In the present study, the CAP/CTM HIV-1 Qualitative assays versions 1.0 and 2.0 were evaluated compared to CAP/CTM HIV-1 Quantitative test v2.0 on 239 DPS samples from 133 HIV-1-infected (with detectable plasma HIV RNA load) and 106 non-infected Central African children. The CAP/CTM HIV-1 Qualitative test v2.0 is the upgraded version of the CAP/CTM HIV-1 test for HIV-1 load quantification, using a dual-target strategy with gag primers and FAM-labeled gag probe, in addition with LTR primers and FAM-labeled LTR probe. This quantitative assay has been previously fully validated [11, 21], and was chosen as reference gold standard molecular assay.
The CAP/CTM HIV-1 Qualitative test v1.0 showed lower sensitivity (93.2%), with 9 (6.8%) false negatives within HIV-positive DPS and multiple circulating recombinant forms and one subtype were under-detected by the v1.0 assay. These findings clearly demonstrate that the CAP/CTM HIV-1 Qualitative assay v1.0 under-detects non-B subtypes of HIV-1 strains circulating in Central Africa. It is well documented that HIV genetic diversity can influence plasma HIV-1 detection and quantification by nucleic acid amplification tests in patients infected by non-B subtypes [4, 6]. Several authors have reported the failure of commercial assays for viral load monitoring in patients infected by non-B subtypes [22-24]. The HIV epidemic in the Central African Republic is characterized by broad genetic diversity included mainly non-B subtypes or circulating recombinant forms of HIV-1 group M . The under-detection of non-B subtypes of HIV-1 likely occurs because the target of the CAP/CTM HIV-1 Qualitative test v1.0 is limited to gag gene of subtype B HIV-1. In contrast, the upgraded CAP/CTM HIV-1 Qualitative test v2.0 showed 100%-sensitivity, 100% specificity, and perfect agreement (κ coefficient, 1.0).
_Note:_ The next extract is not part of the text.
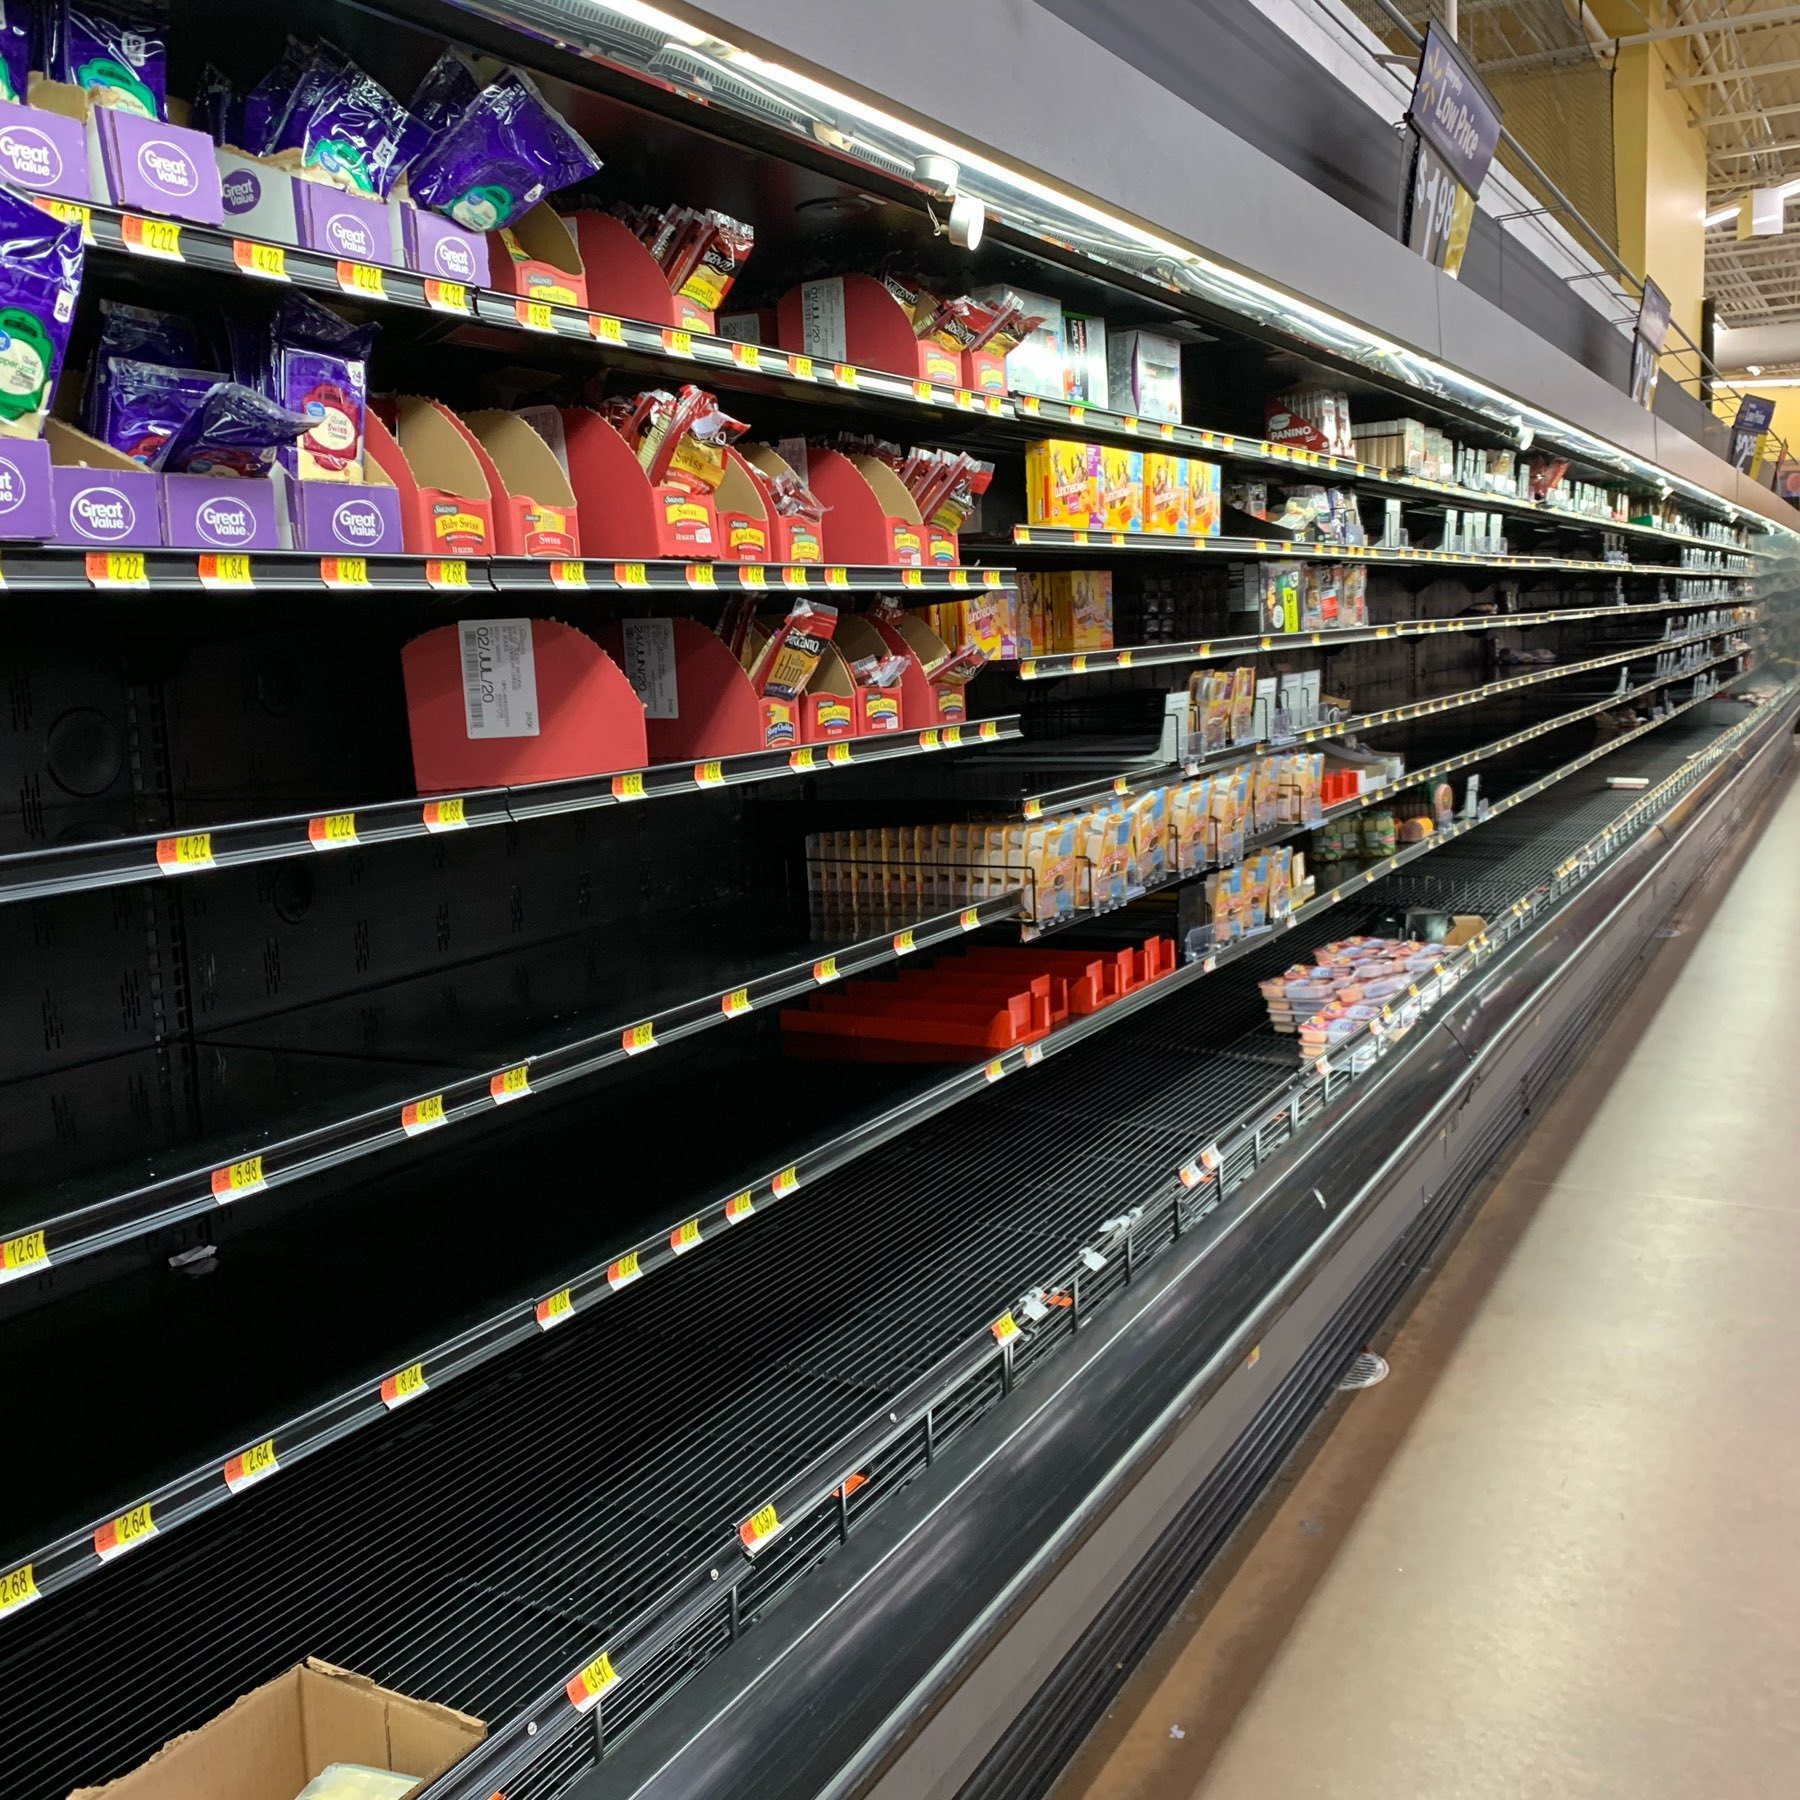 Empty dairy shelves

This observation demonstrates that the upgraded version of the CAP/CTM HIV-1 Qualitative test, which now uses a dual-target strategy with gag and LTR primers and probes, performs as well as the CAP/CTM HIV-1 Quantitative test v2.0 , whose initial version underquantified several non-B subtype of υ2.0 HIV-1 group M [11, 25]. Our results are in keeping with the performance of the CAP/CTM HIV-1 Qualitative test υ2.0 on DBS of infants from Senegal and Guinea Bissau .
Taken together, our evaluation in the Central African Republic, a country of broad HIV-1 genetic diversity, demonstrates that the upgraded version of the CAP/CTM HIV-1 Qualitative assay is appropriate for routine use for early diagnosis of HIV in children by molecular tool. The upgraded assay may be recommended for early children diagnosis in Central Africa, especially in reference laboratory using automation and with high throughput activity.
CONFLICT OF INTEREST
The authors confirm that this article content has no conflict of interest.
The study was supported by GIP-ESTHER (Ensemble pour une Solidarité Thérapeutique Hospitalière En Réseau) France – Central African Republic. We are thankful to Miss Rosine Feissona for excellent technical assistance. Dr MA Jenabian is the holder of the Canada Research Chair in Immuno-virology Tier 2.